Raw data:
━━━━━━

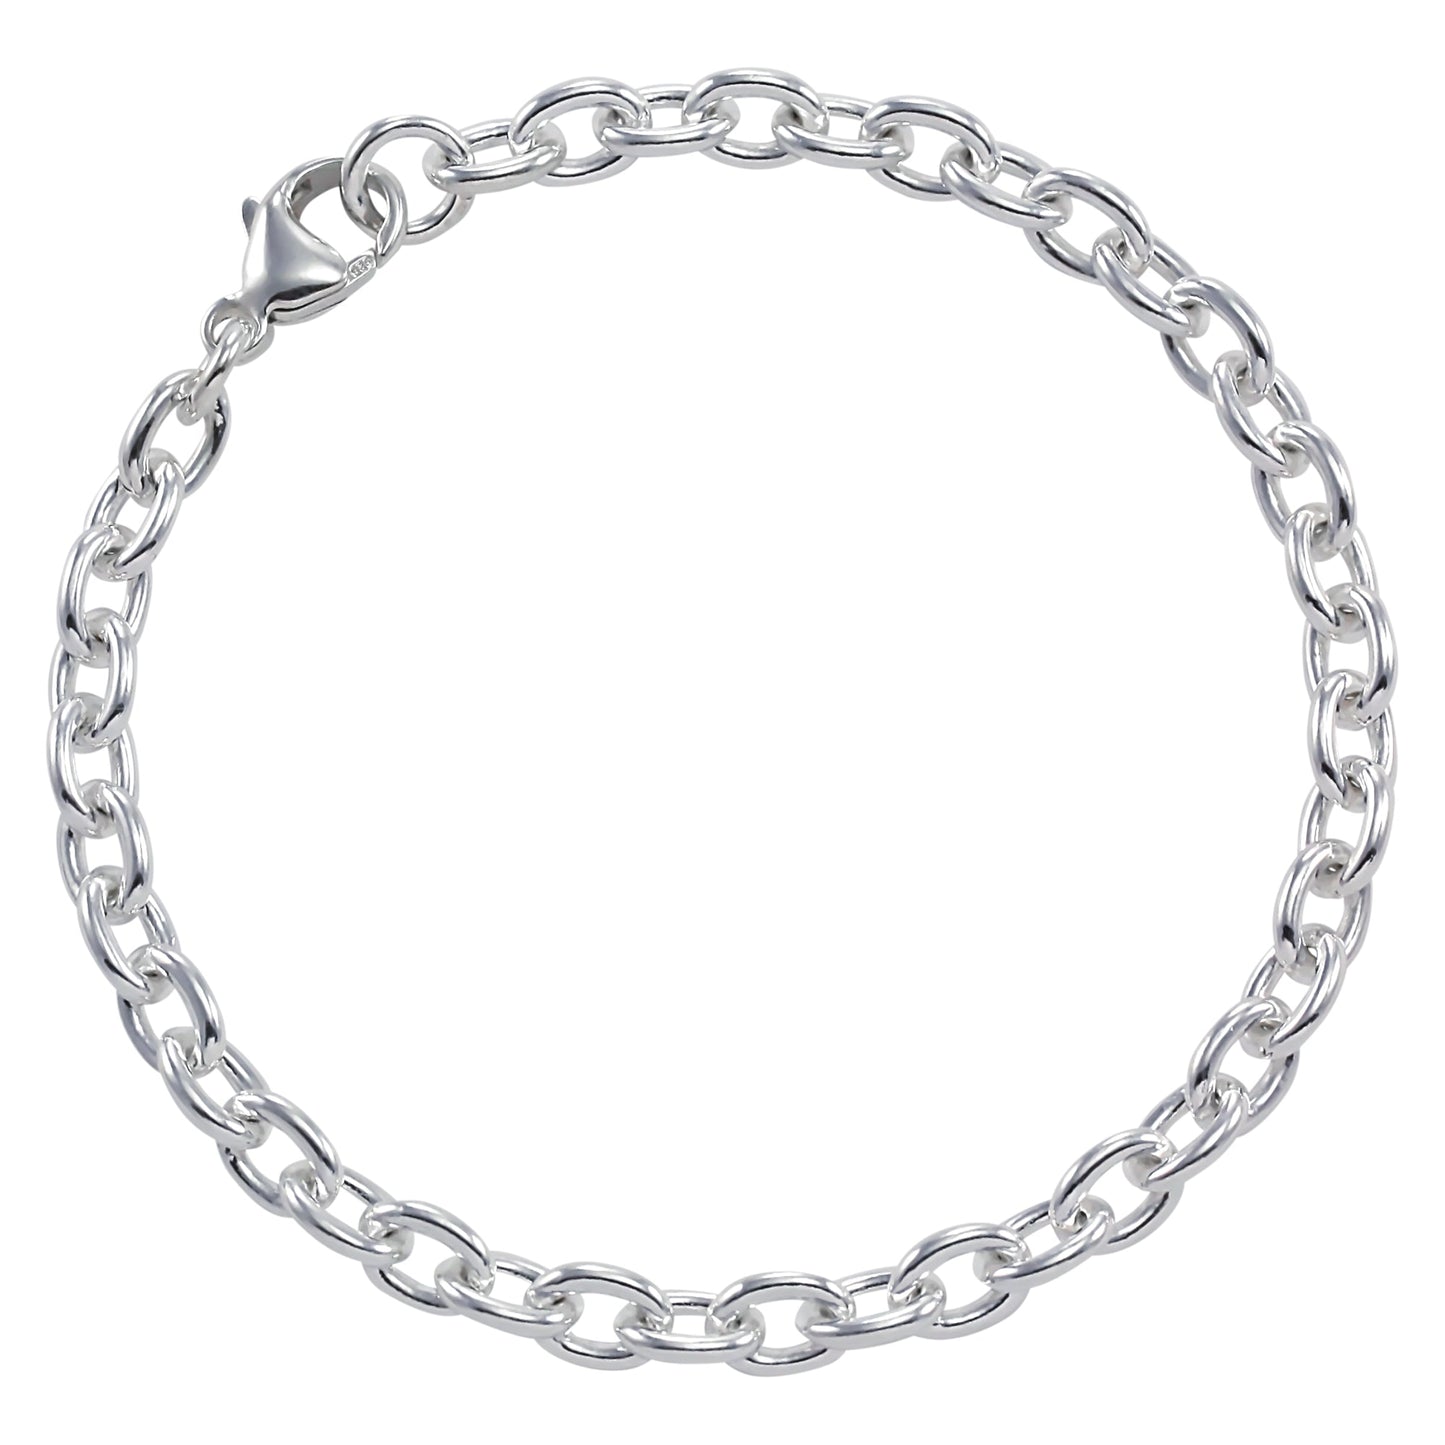 Sterling Silver Cable Chain Bracelet with Clasp
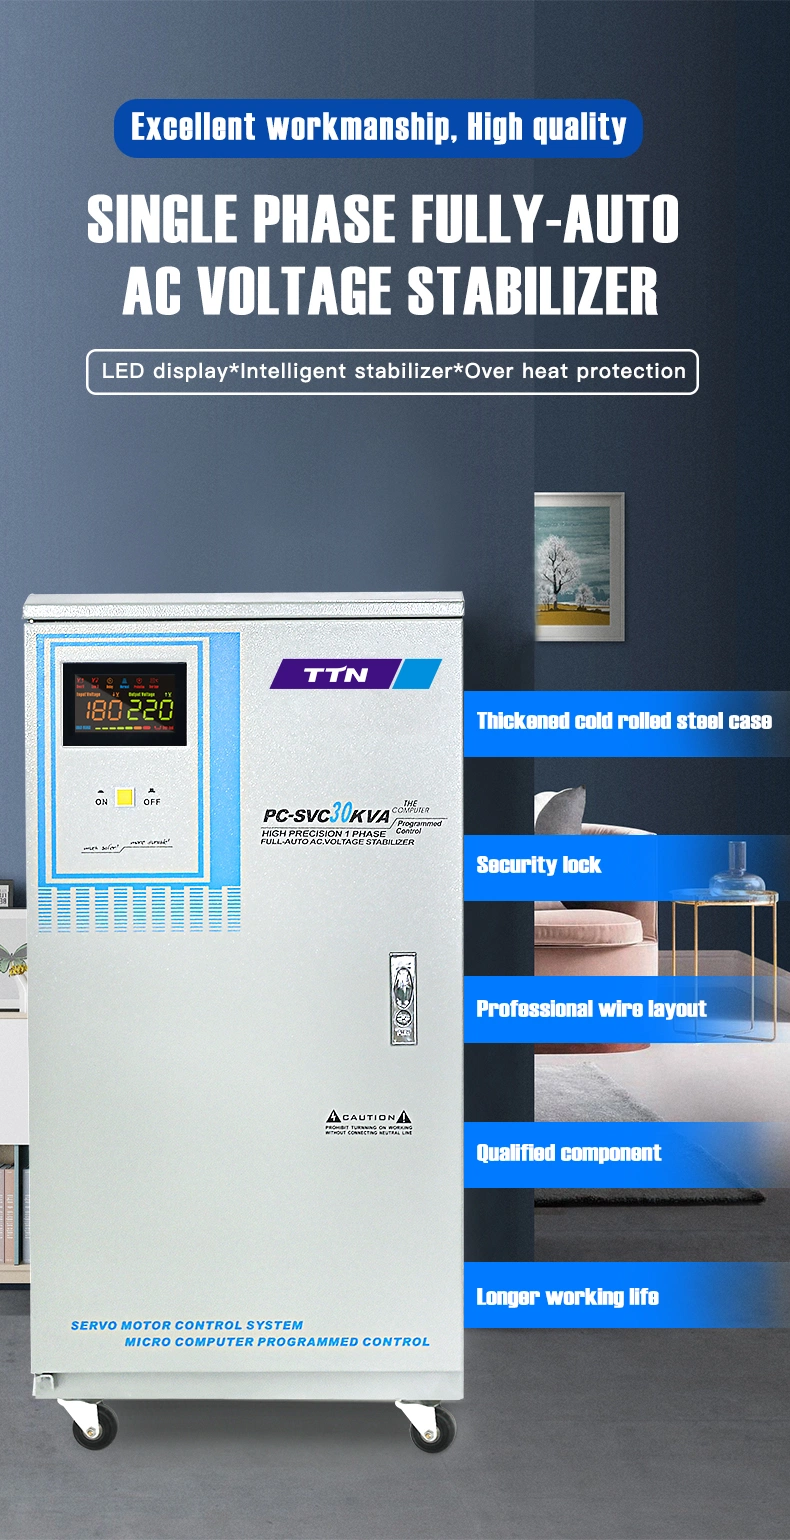 High Efficiency Servo Motor Control Model Pcsvc-10000va Three Phase Automatic Voltage Stabilizer with Micro Computer Programmed Control
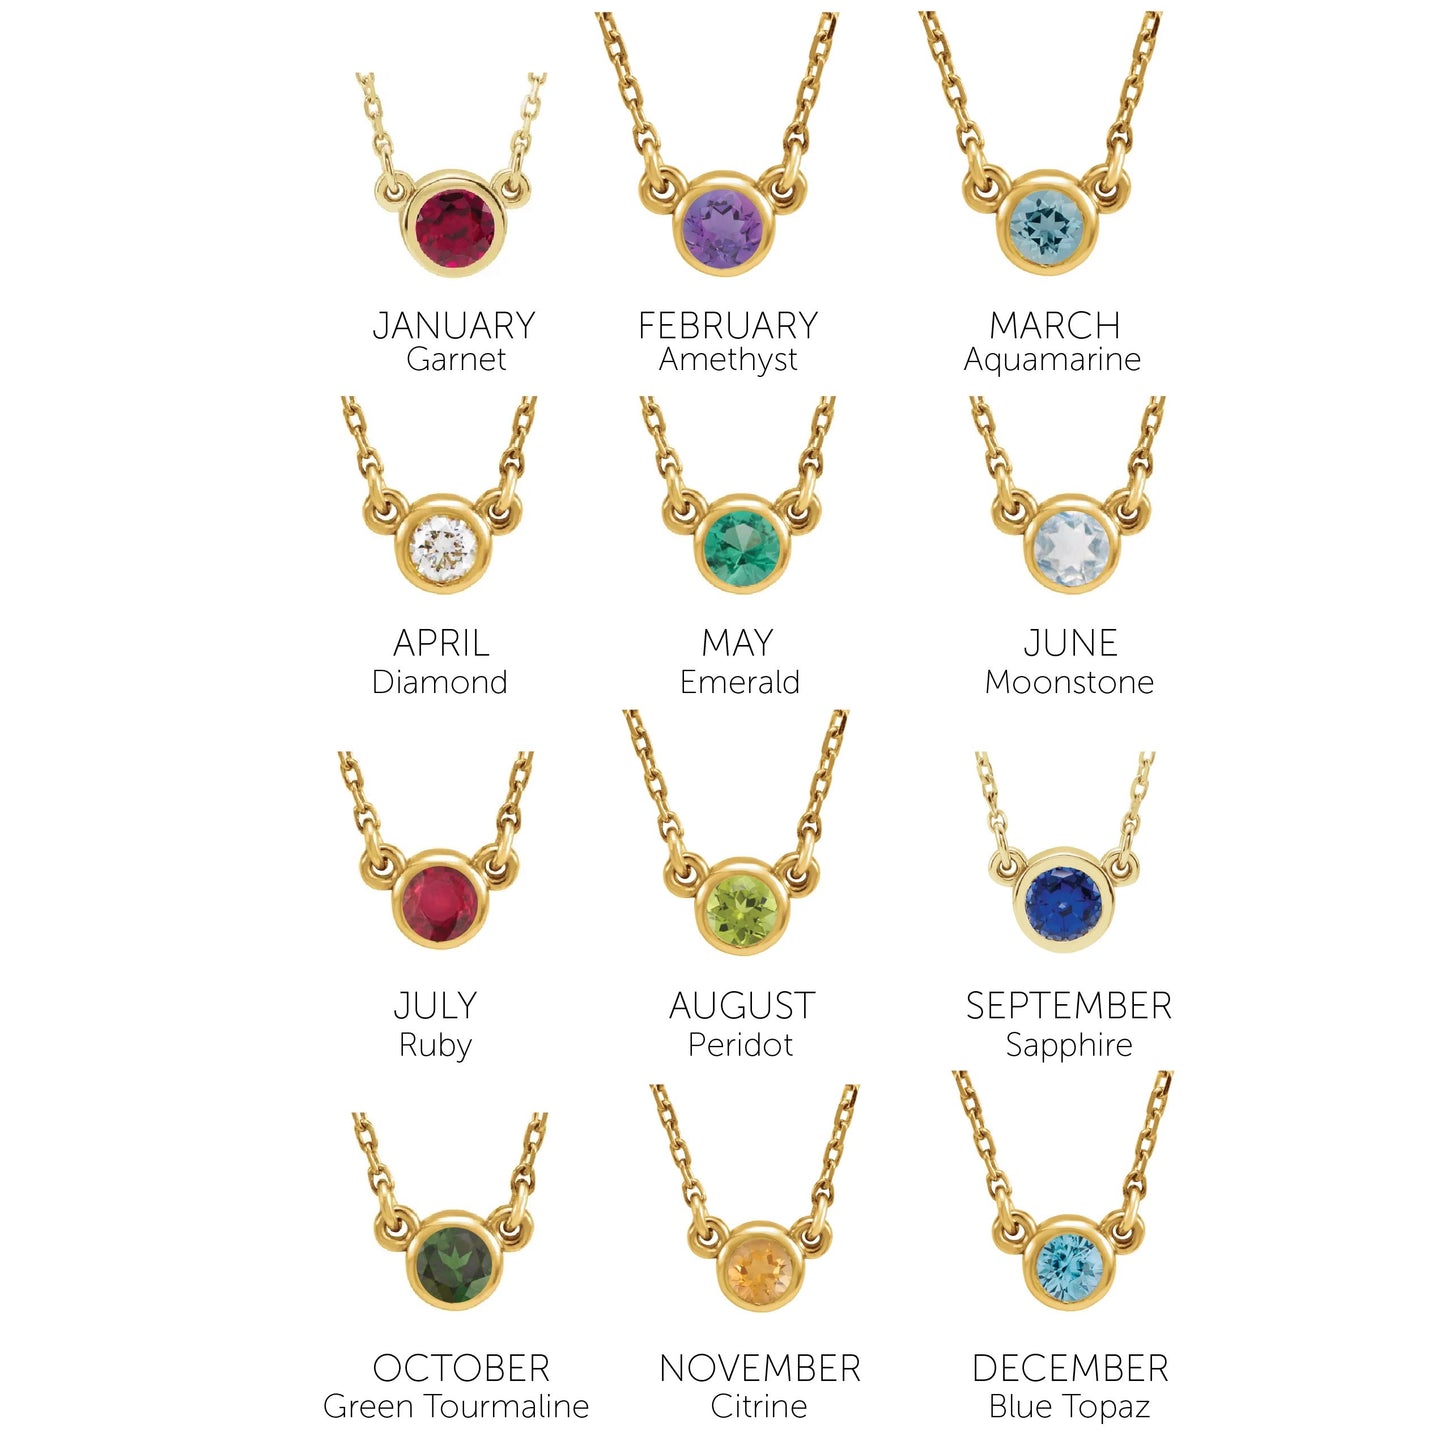 Your Birthstone + Your Cat's Birthstone (3 Cats) Necklace Robyn Canady

━━━━━━

Work to complete: Reproduce exactly the line containing "High Efficiency Servo" and every line after it in the material above, up to and including the last. Exclude all pictures.

Answer for the task:
 High Efficiency Servo Motor Control Model Pcsvc-10000va Three Phase Automatic Voltage Stabilizer with Micro Computer Programmed Control
 Your Birthstone + Your Cat's Birthstone (3 Cats) Necklace Robyn Canady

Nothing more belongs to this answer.